What the task requires: Print the listing as it stands, omitting all images.

Supplied material:

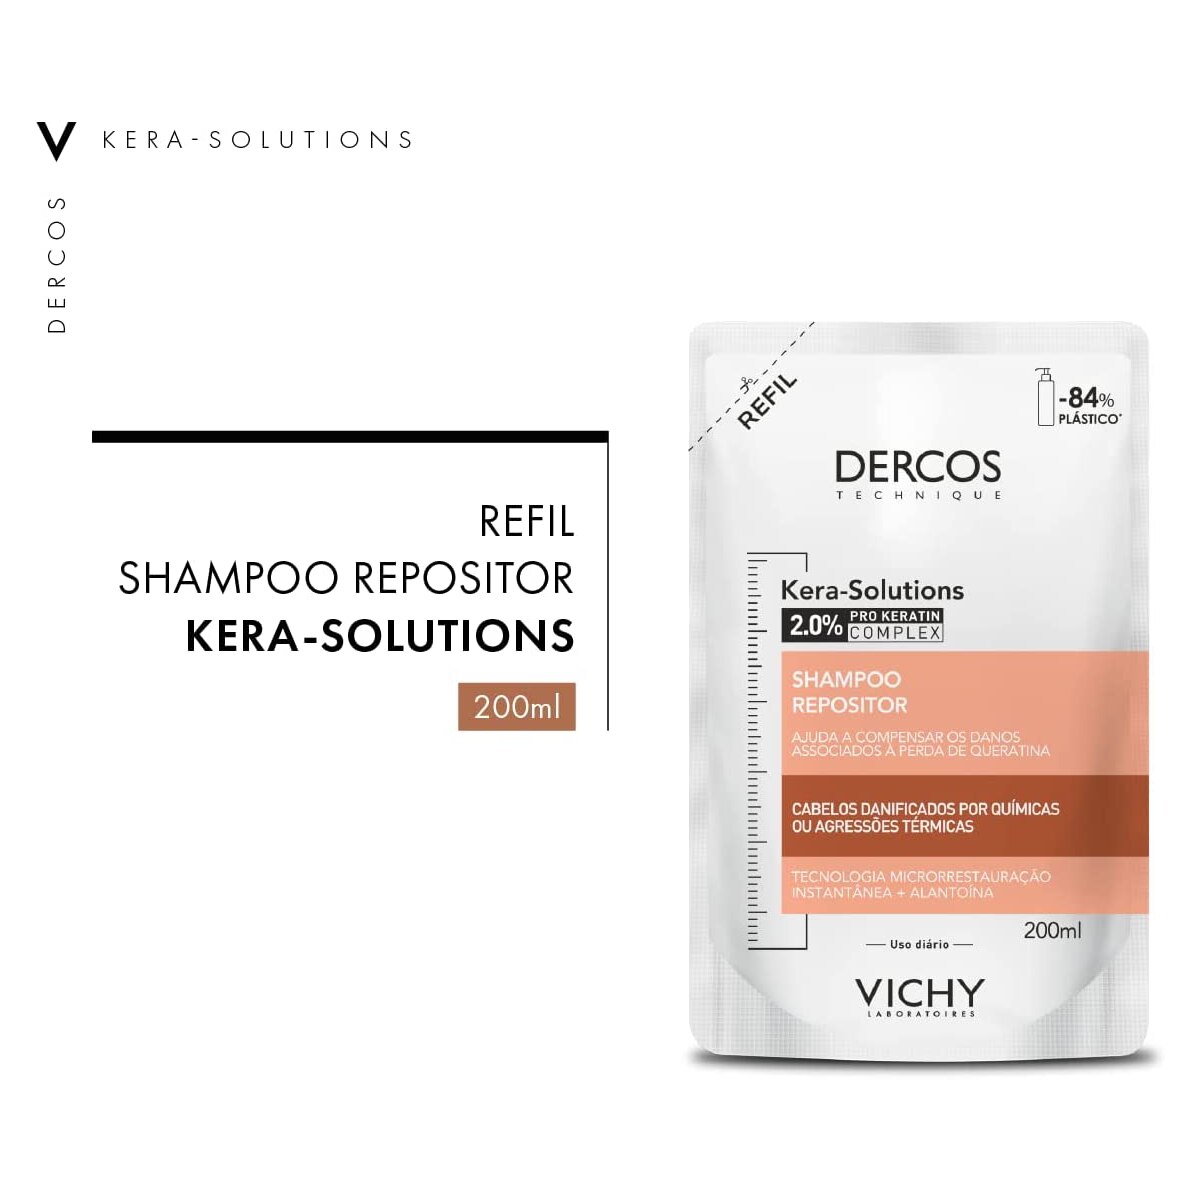 Refil Shampoo Dercos Vichy Kera-Solutions 200ml
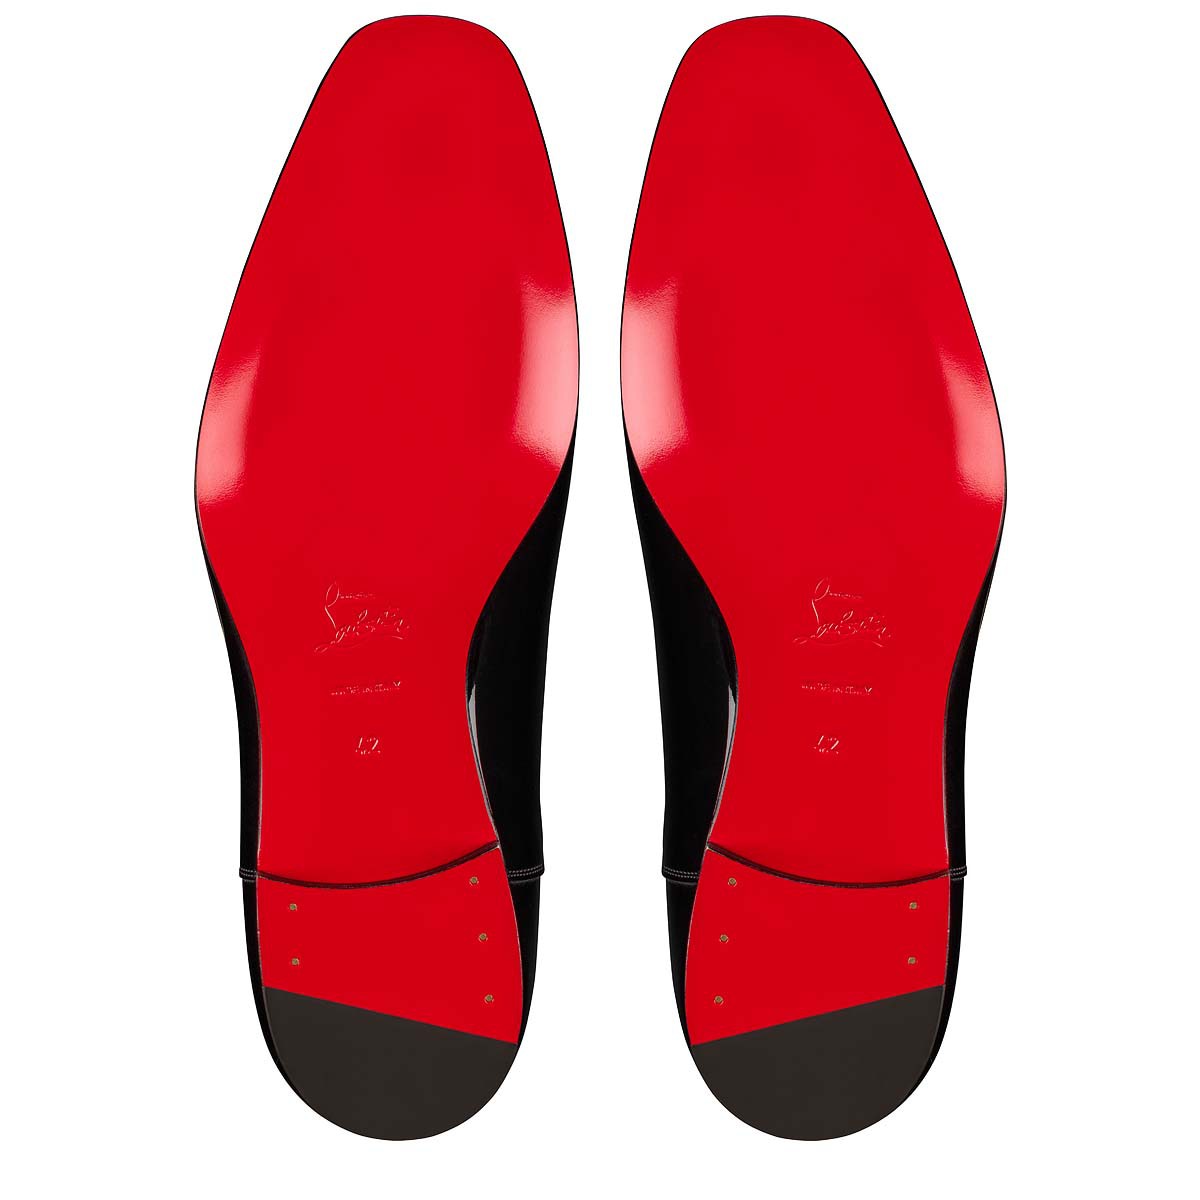 Greghost Black Patent leather - Men Shoes - Christian Louboutin
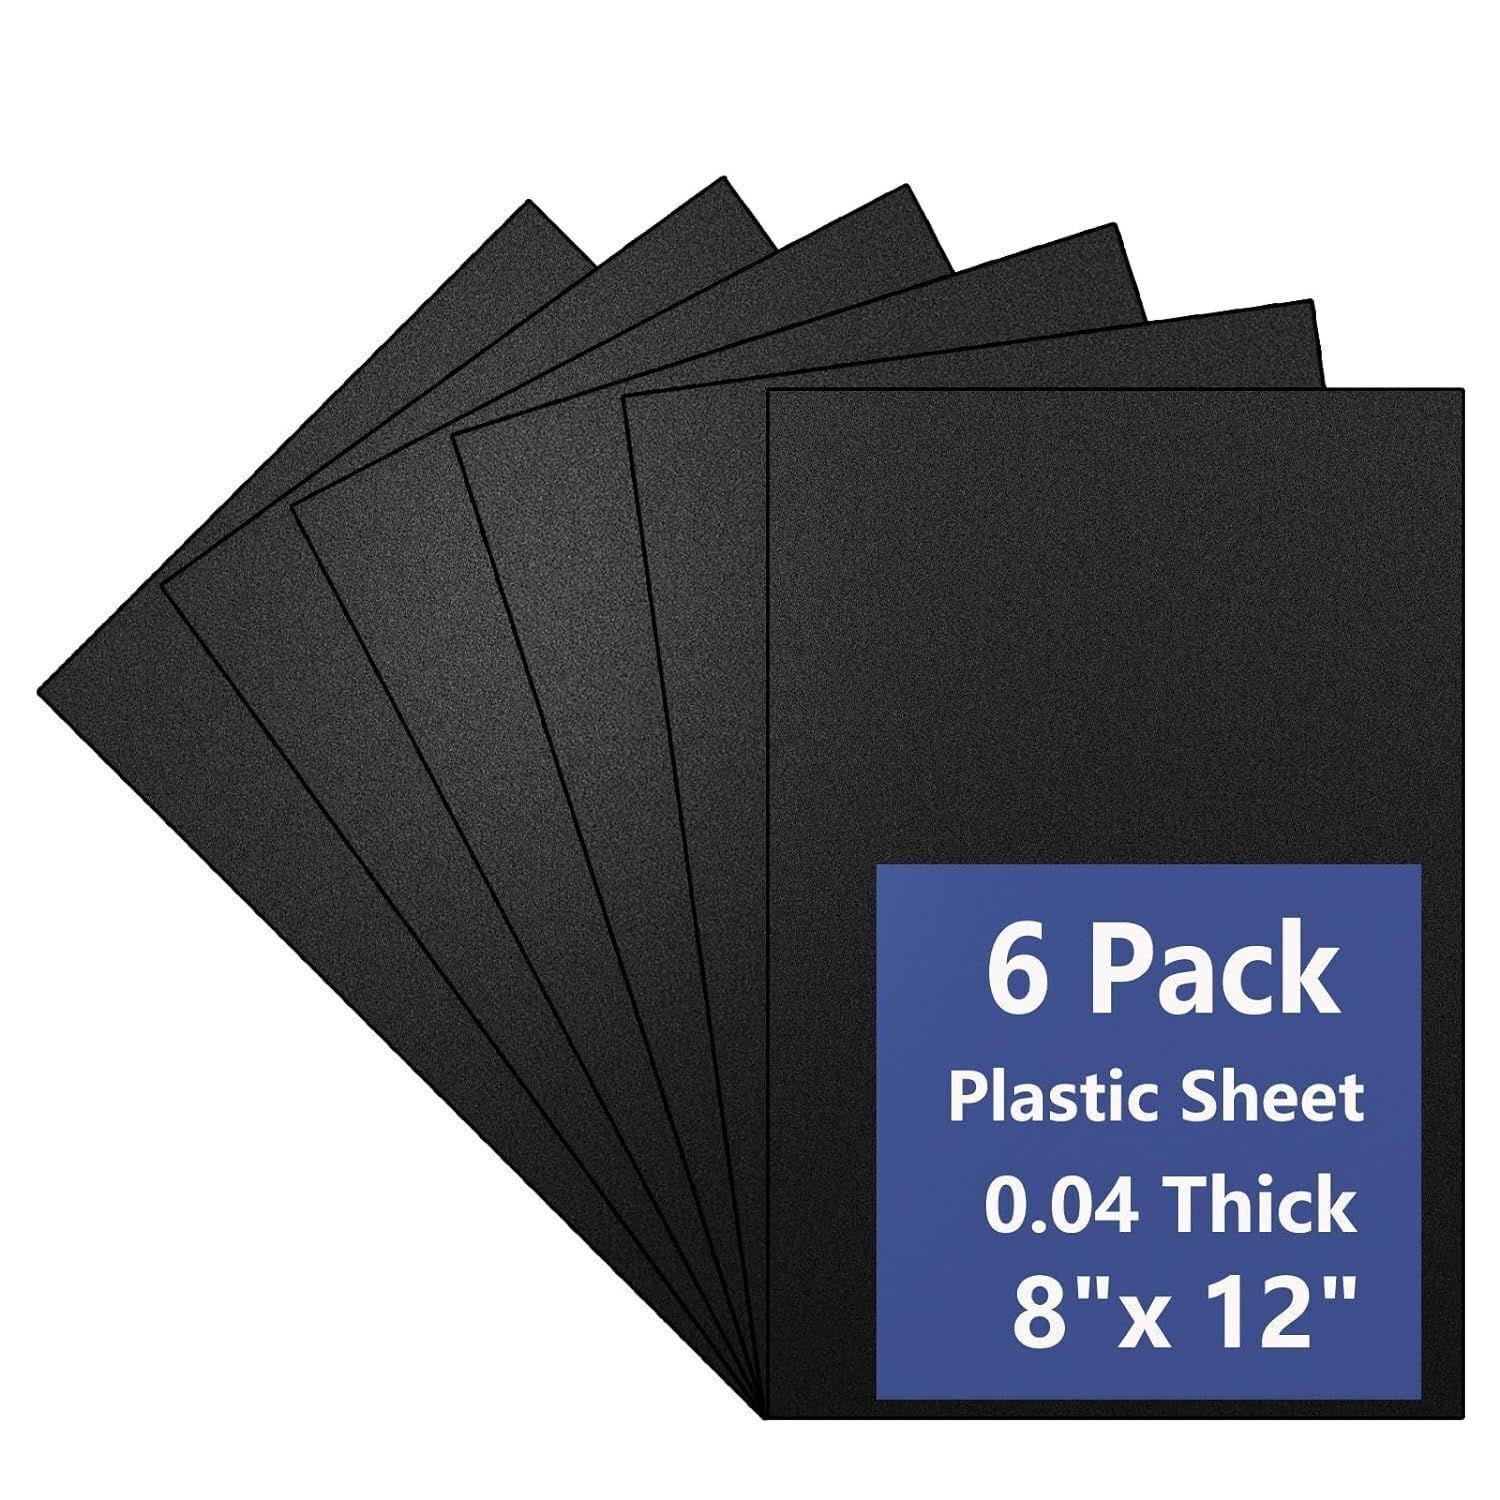 6 Pack Black Plastic Sheets

Solved exercise:
 Refil Shampoo Dercos Vichy Kera-Solutions 200ml
 Greghost Black Patent leather - Men Shoes - Christian Louboutin
 6 Pack Black Plastic Sheets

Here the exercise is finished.